Trois urgences ont été identifiées: la reconstitution de stocks de munitions et d'armes épuisés par les fournitures à l'Ukraine, les capacités de défense anti-aérienne et le remplacement du matériel hérité de l'ère soviétique.

Les Etats-Unis sont déjà sur les rangs pour équiper leurs alliés européens. Des systèmes de défense anti-aériens Patriot ont été fournis pour remplacer les systèmes russes S-300 fournis à l'Ukraine. Or l'UE a aussi un système de défense anti-aérien, celui du groupe Thales.

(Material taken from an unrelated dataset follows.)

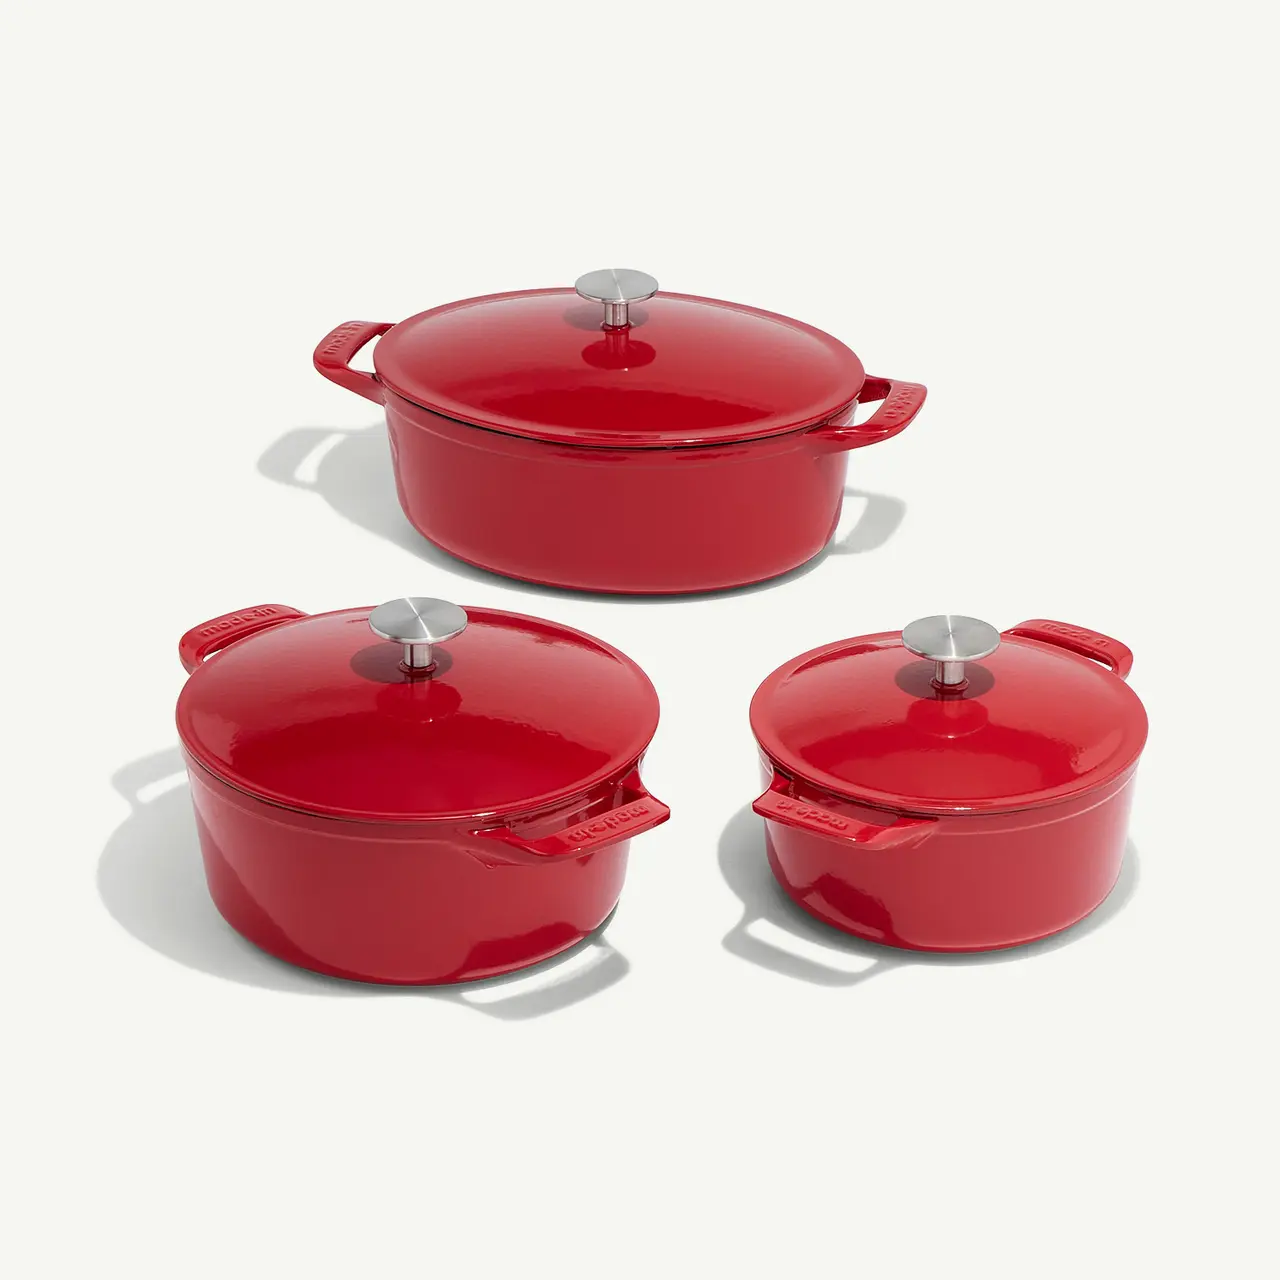 Three red Dutch ovens with silver knobs on the lids are arranged on a light background.

Les Européens produisent également des armes et des munitions.

"Il faut se débarrasser des équipements soviétiques, mais il ne faut pas tomber dans une dépendance non européenne", insiste le responsable européen. "Depuis 2006, 60% des achats d'armements européens ont été des importations de pays non européens", précise-t-il.

Tabou brisé

"Il est urgent d'investir ensemble, mieux et en Europe", a lancé Thierry Breton.

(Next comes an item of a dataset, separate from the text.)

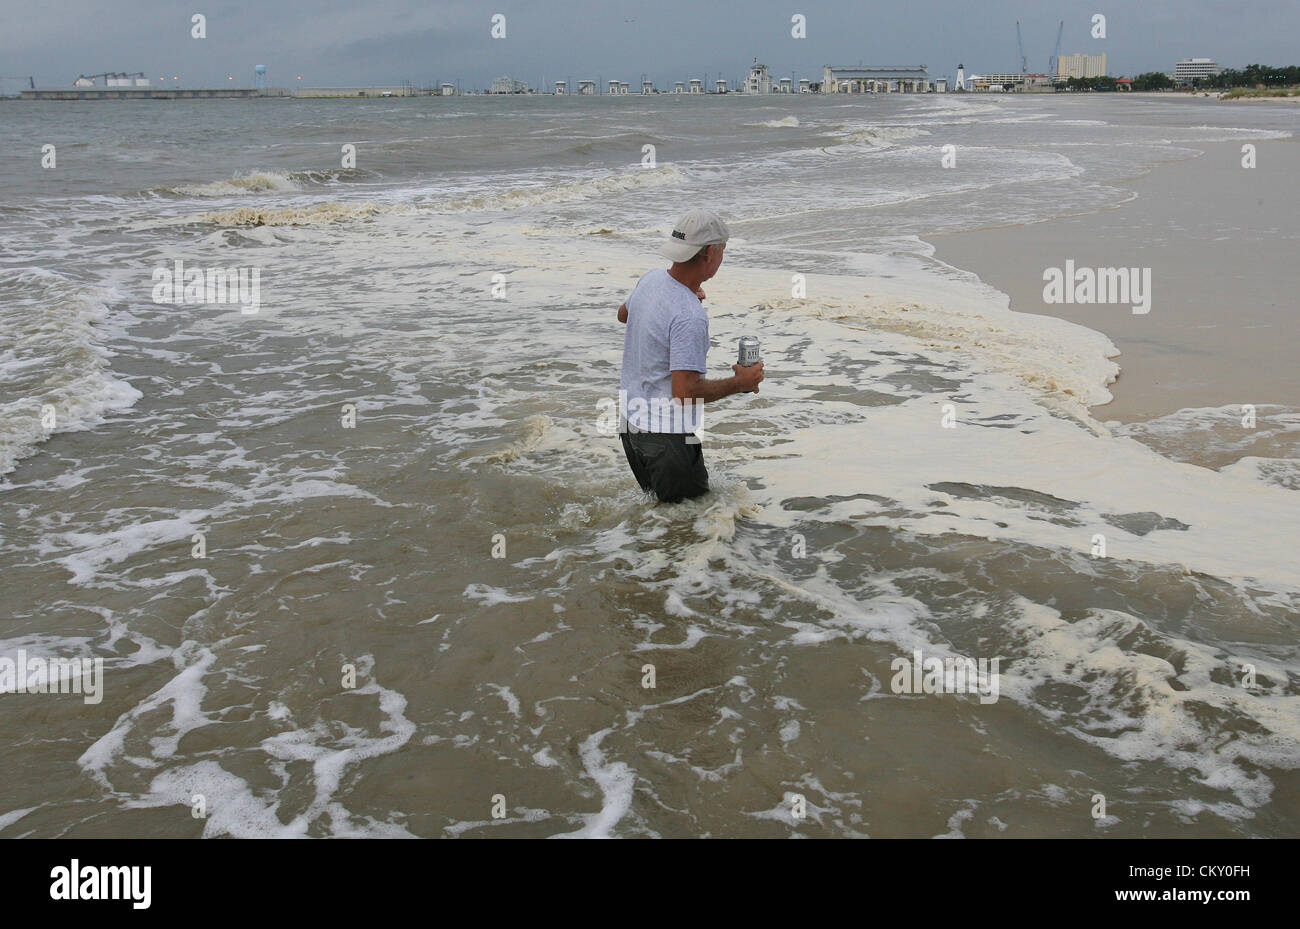 Aug. 28, 2012 - Gulfport, MISSISSIPPI, USA - Storm clouds from Hurricane Isaac come in as Paul MacNeil walks the beach in Gulfport, Mississippi, USA on August 28, 2012. Hurricane Isaac will make landfall as a Category 1 Hurricane. (Credit Image: © Dan Anderson/ZUMAPRESS.com) Stock Photo

La Commission propose de créer des incitatifs financiers avec le budget commun pour soutenir les industriels de l'UE. Il faut favoriser une "préférence européenne", insiste un de ses responsables.

Si les dirigeants acceptent, un instrument sera créé "d'ici l'été" doté de 500 millions d'euros pour la période 2023 et 2024 pour des achats "très ciblés" d'armements destinés à protéger l'UE. Il est appelé par la suite à financer des achats groupés.

"On brise un tabou, car l'UE s'interdit d'utiliser le budget commun pour financer des opérations militaires", explique le responsable européen.

La "Facilité européenne pour la paix" utilisée pour financer les achats et les livraisons d'armes pour l'Ukraine a été créée par les Etats membres hors du budget commun et la décision de l'utiliser est prise par les seuls Etats membres à l'unanimité.

Elle a été dotée de 5 milliards et 2 ont déjà été mobilisés en faveur de l'Ukraine depuis le début du conflit. L'argent rembourse les Etats membres pour les armes prélevés dans leurs stocks.

"Nous avons suffisamment de ressources pour 2022", a assuré Josep Borrell. Mais il faudra davantage d'argent au cas où le conflit se poursuit au-delà de la fin de l'année. "Si les Etats membres décident de remettre de l'argent, il sera possible d'augmenter sa dotation", a-t-il expliqué. Mais il faudra reconstituer les stocks européens, ce sera l'utilité du nouvel instrument.